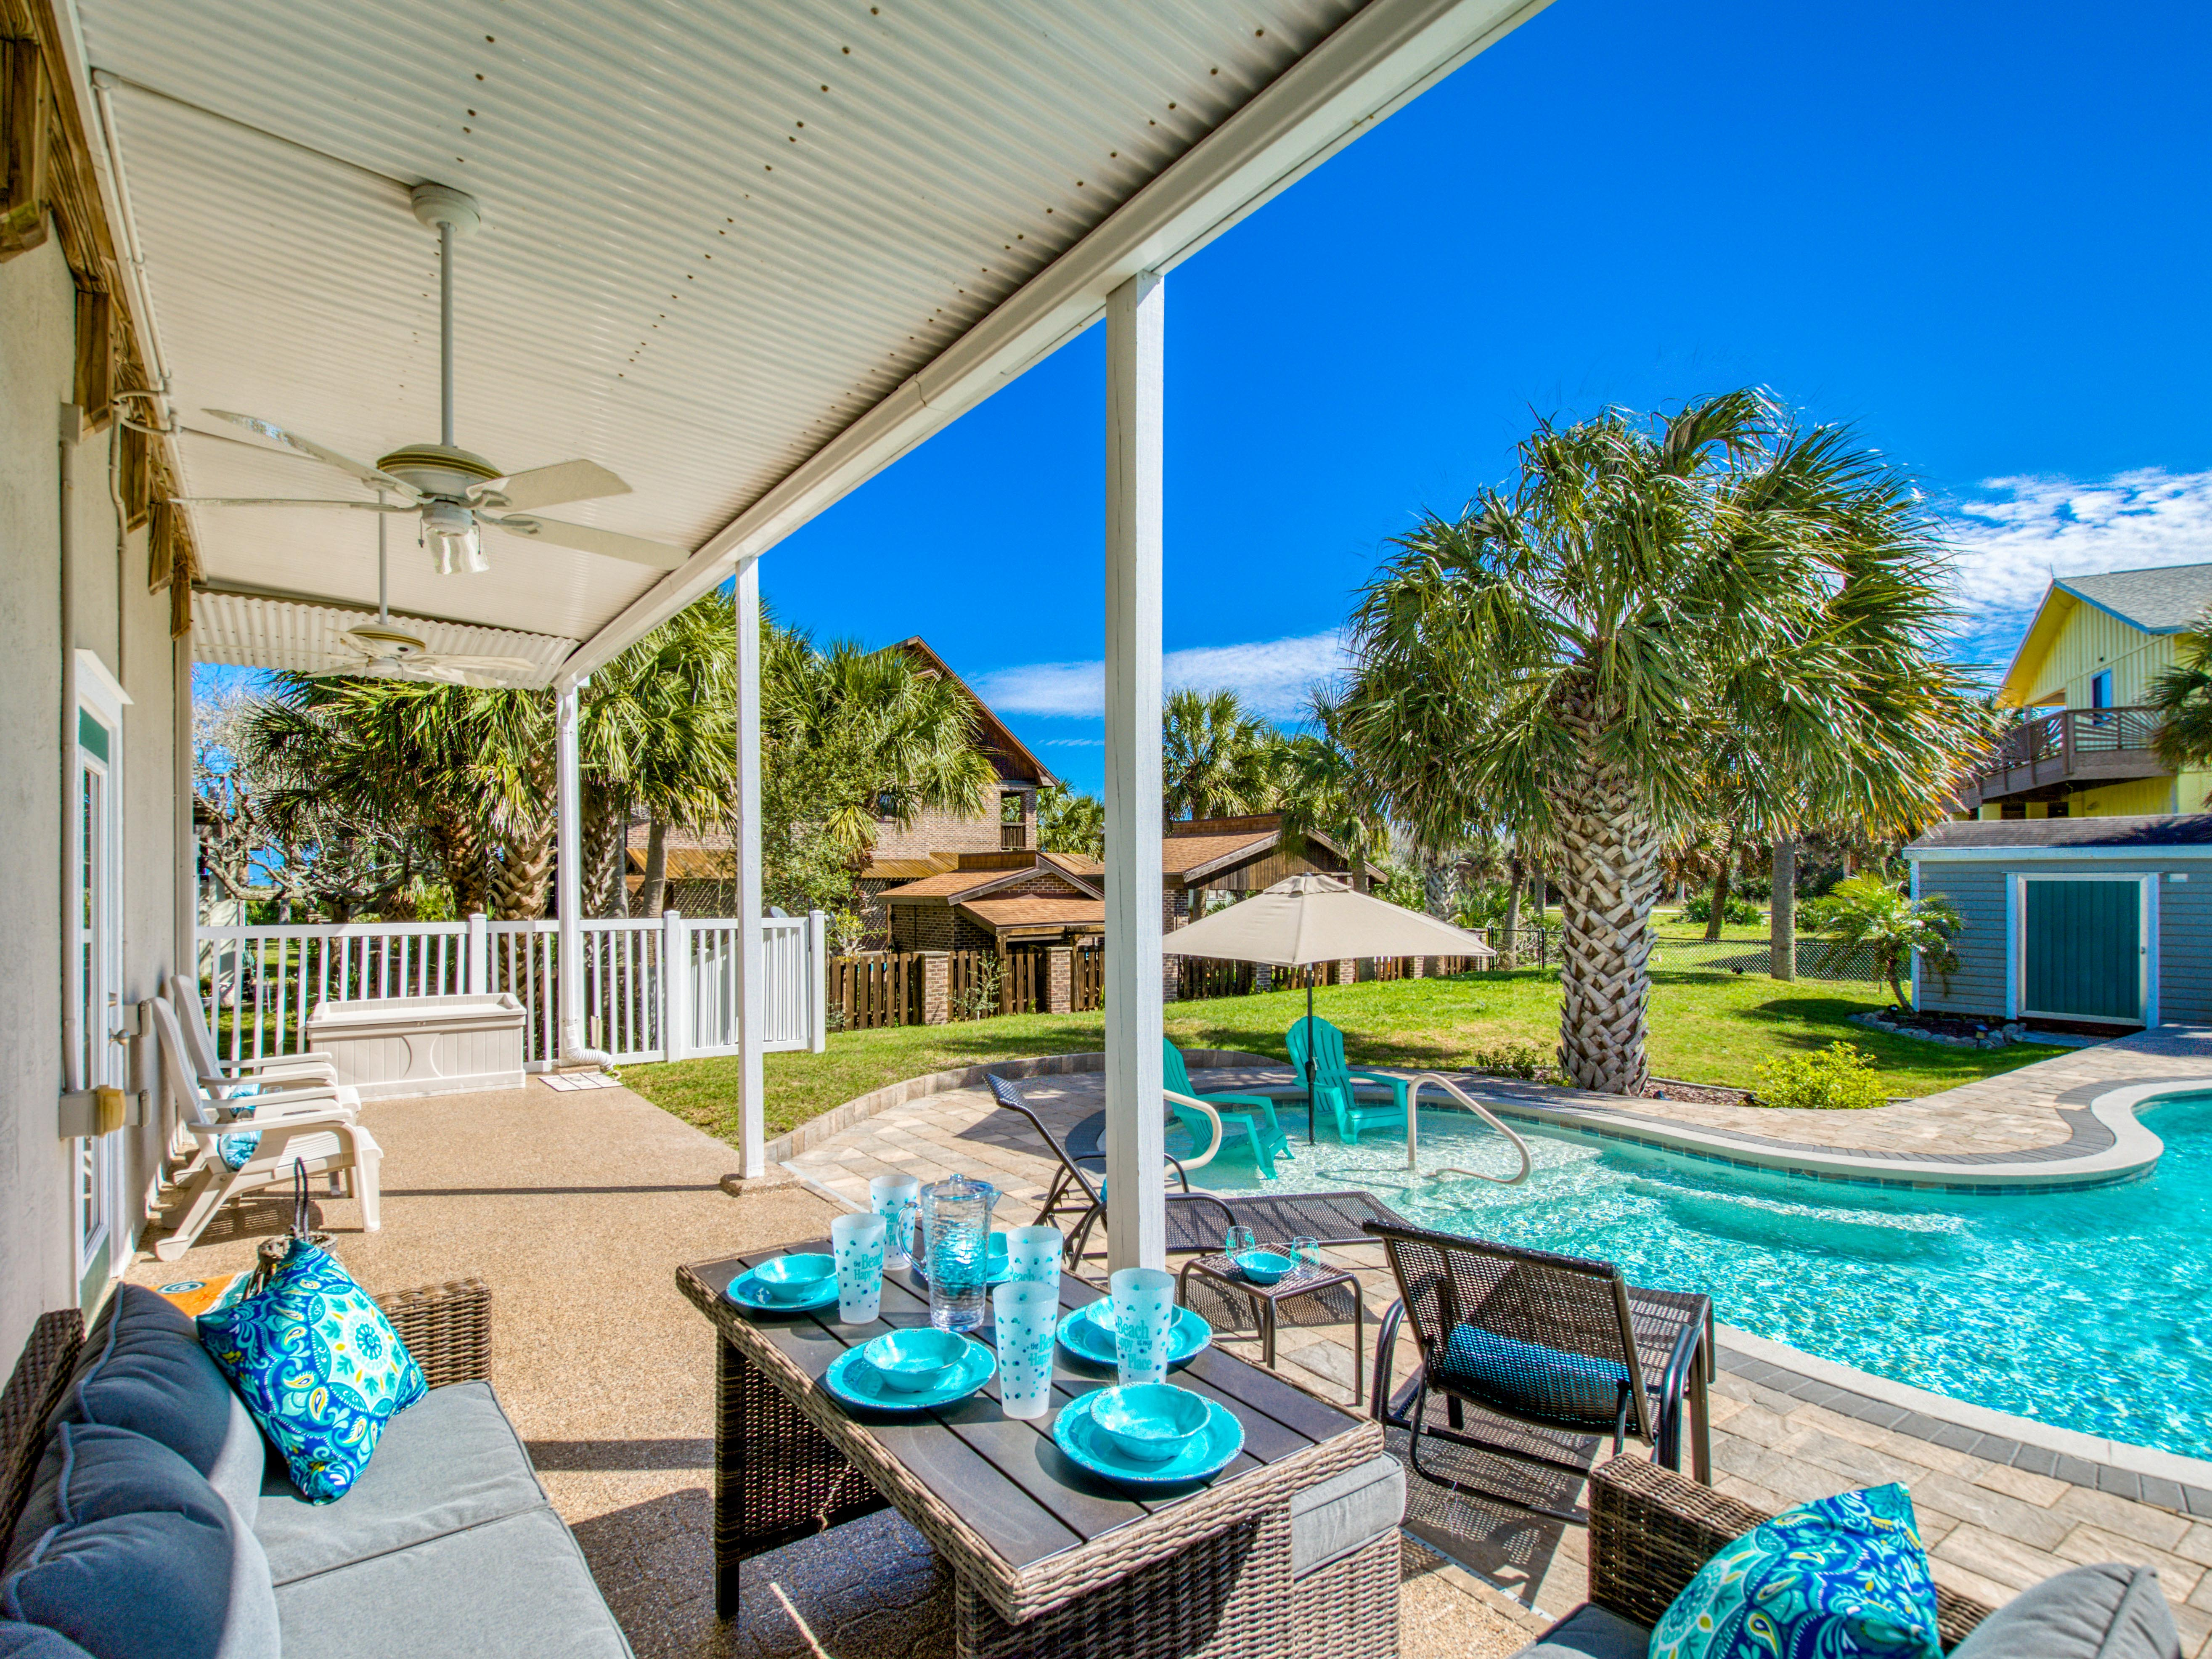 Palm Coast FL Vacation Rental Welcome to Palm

...

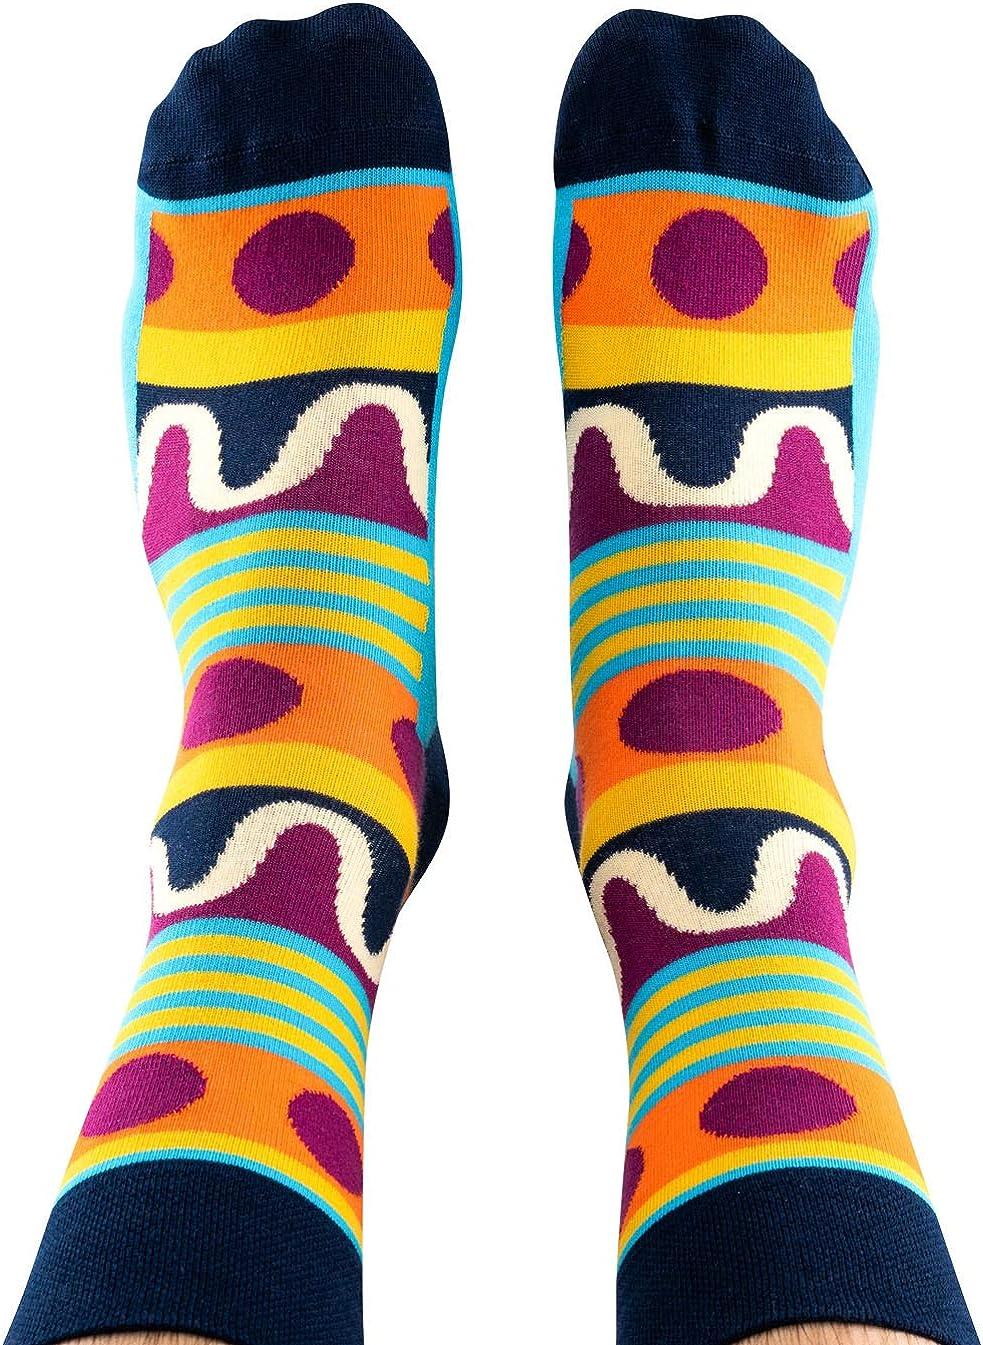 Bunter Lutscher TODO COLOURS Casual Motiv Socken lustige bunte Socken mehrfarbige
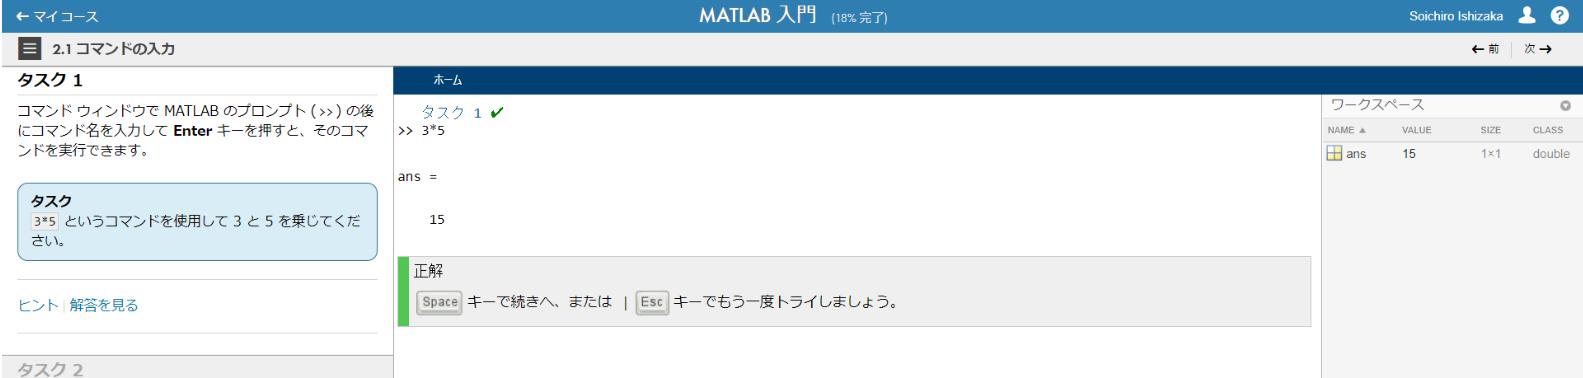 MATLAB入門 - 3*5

* * *

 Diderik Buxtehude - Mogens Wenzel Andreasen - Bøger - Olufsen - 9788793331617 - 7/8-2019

(Exercise goal):
For this exercise, reproduce exactly the lines of the records above from the one with "Bunter Lutscher TODO" up to and including the one with "MATLAB入門 - 3*5", without pictures.

(Solved exercise):
 Bunter Lutscher TODO COLOURS Casual Motiv Socken lustige bunte Socken mehrfarbige
 MATLAB入門 - 3*5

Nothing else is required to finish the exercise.